NY Fed President Williams’ opening comments in a webinar toed the party line, saying that ‘it could be appropriate” for the Fed to begin tapering asset purchases this year and he wanted to see more improvement on employment before being ready to declare the test of substantial further progress being met. There was still a long way to go before reaching maximum employment, the condition for lift off on a higher Fed Funds rate. All this was just a regurgitation of what Chair Powell said at Jackson Hole.
There were some hawkish vibes coming out of the BoE as Governor Bailey spoke before Parliament. He said that he was one of the four members who thought that the minimum criteria for tighter UK monetary policy had been met. Still, he stressed that even with the 4-4 split on the MPC (with one vacancy), those who thought the condition of the forward guidance had been met didn’t consider there were sufficient grounds to push for immediate tighter policy.

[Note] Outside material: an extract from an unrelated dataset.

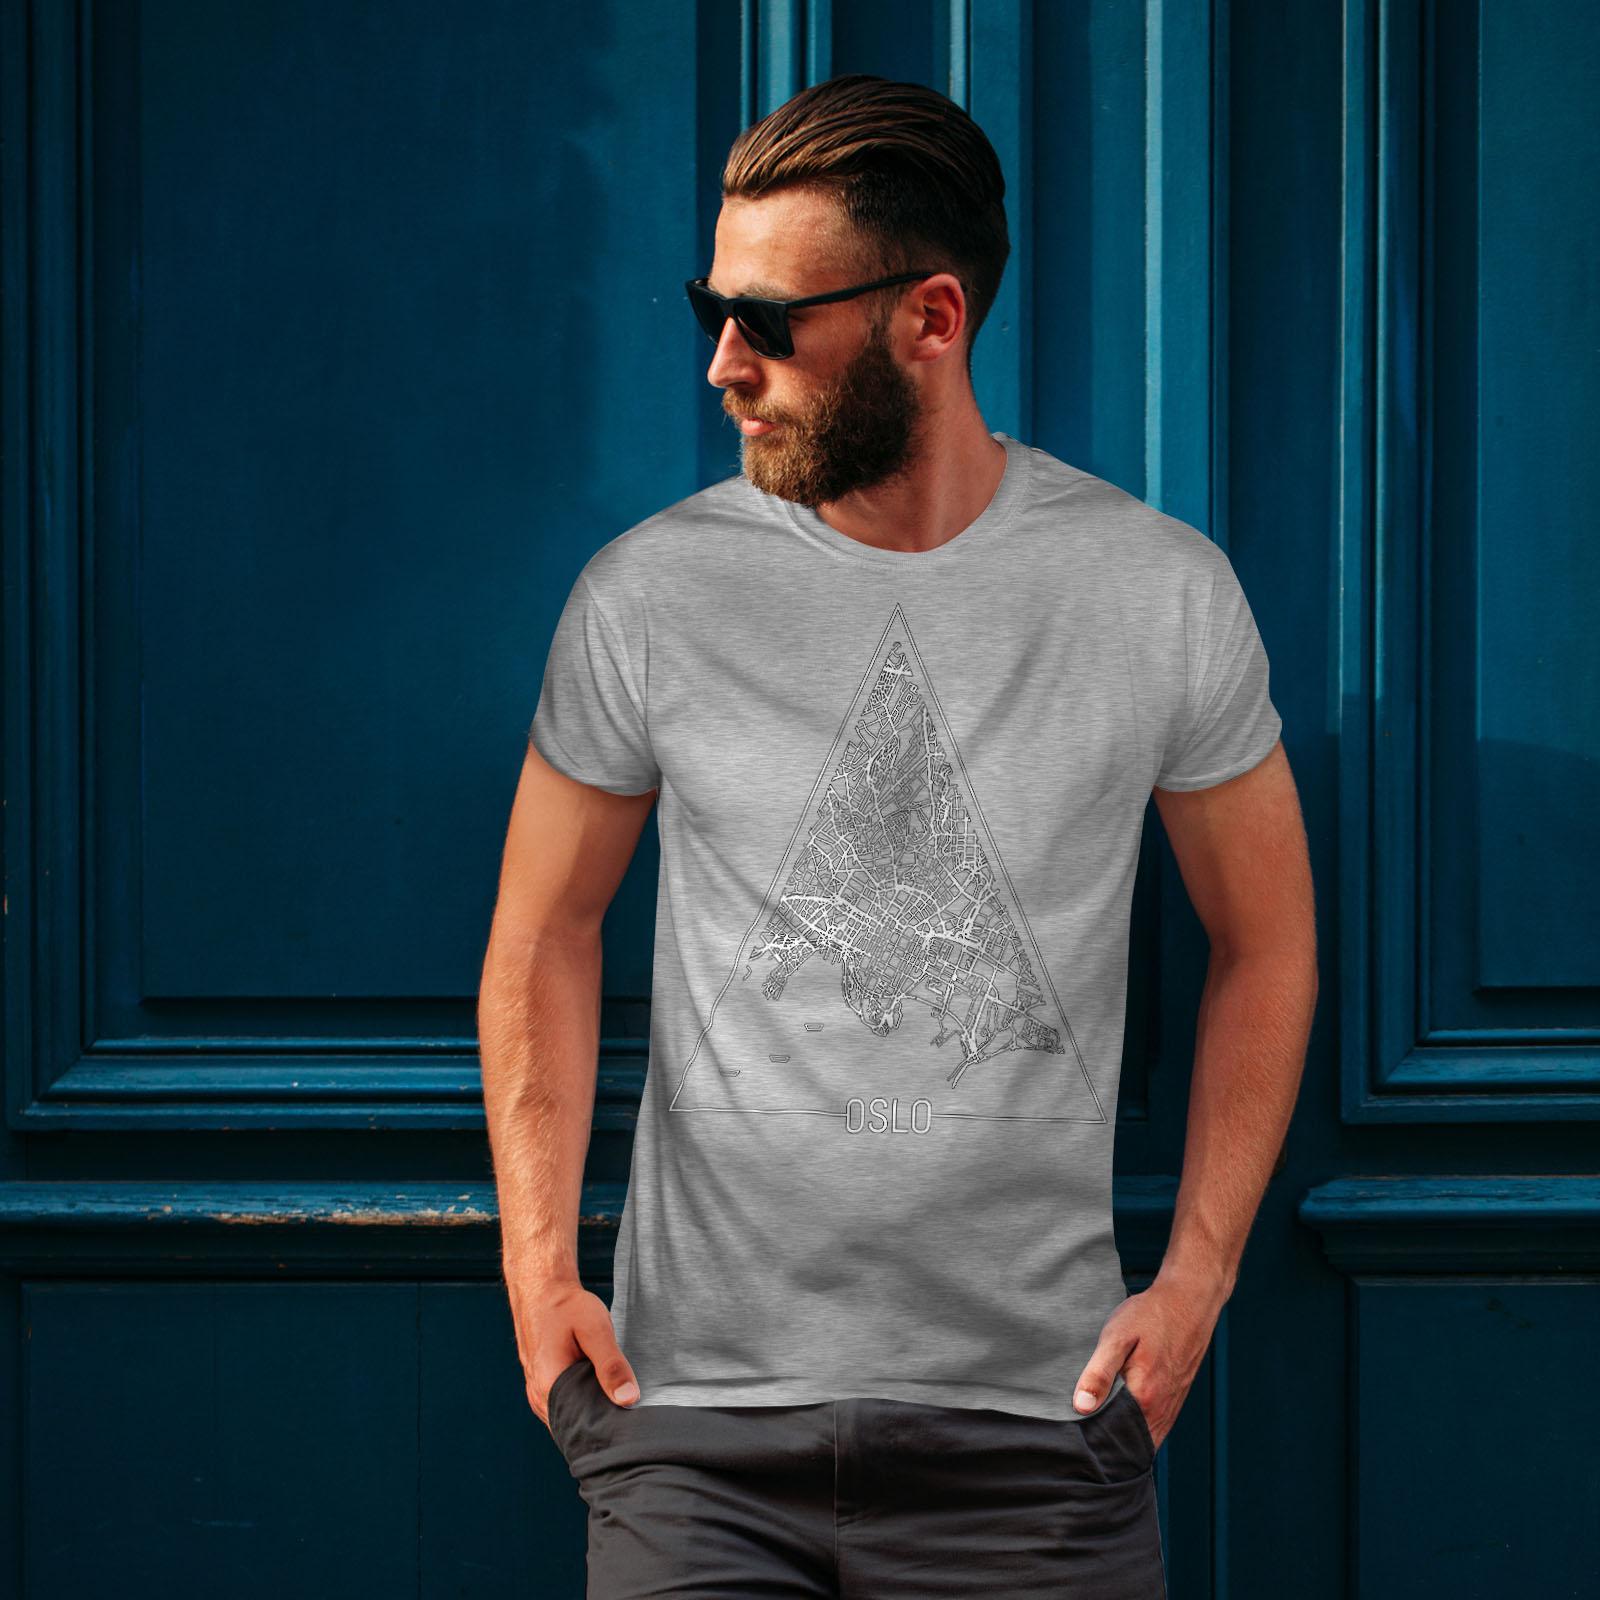 Wellcoda-Norvegia-Big-City-Oslo-da-uomo-T-shirt-Citta-design-grafico-stampato-T-shirt miniatura 16

The focus in the UK this week has been more on fiscal policy than monetary policy, with the controversial proposed increase in National Insurance, a burden of £12b on workers and companies (worth some 0.6% of GDP), and breaching a promise by the government on taxes. Just before we went to press, PM Johnson won the vote to pass this tax increase, which will take the tax revenue to GDP ratio up to its highest level on record. GBP is little changed for the day at 1.3780.
On the economic front, the only notable indicator was the US JOLTS report, which lags the official employment release by a month, but showed job openings rising to a fresh record high of 10.9m in July and the number of vacancies exceeding hires by 4.3m, also a record. While an indicator of labour market strength, it is also a sign of a big mismatch in the labour market which could take a long time to be resolved.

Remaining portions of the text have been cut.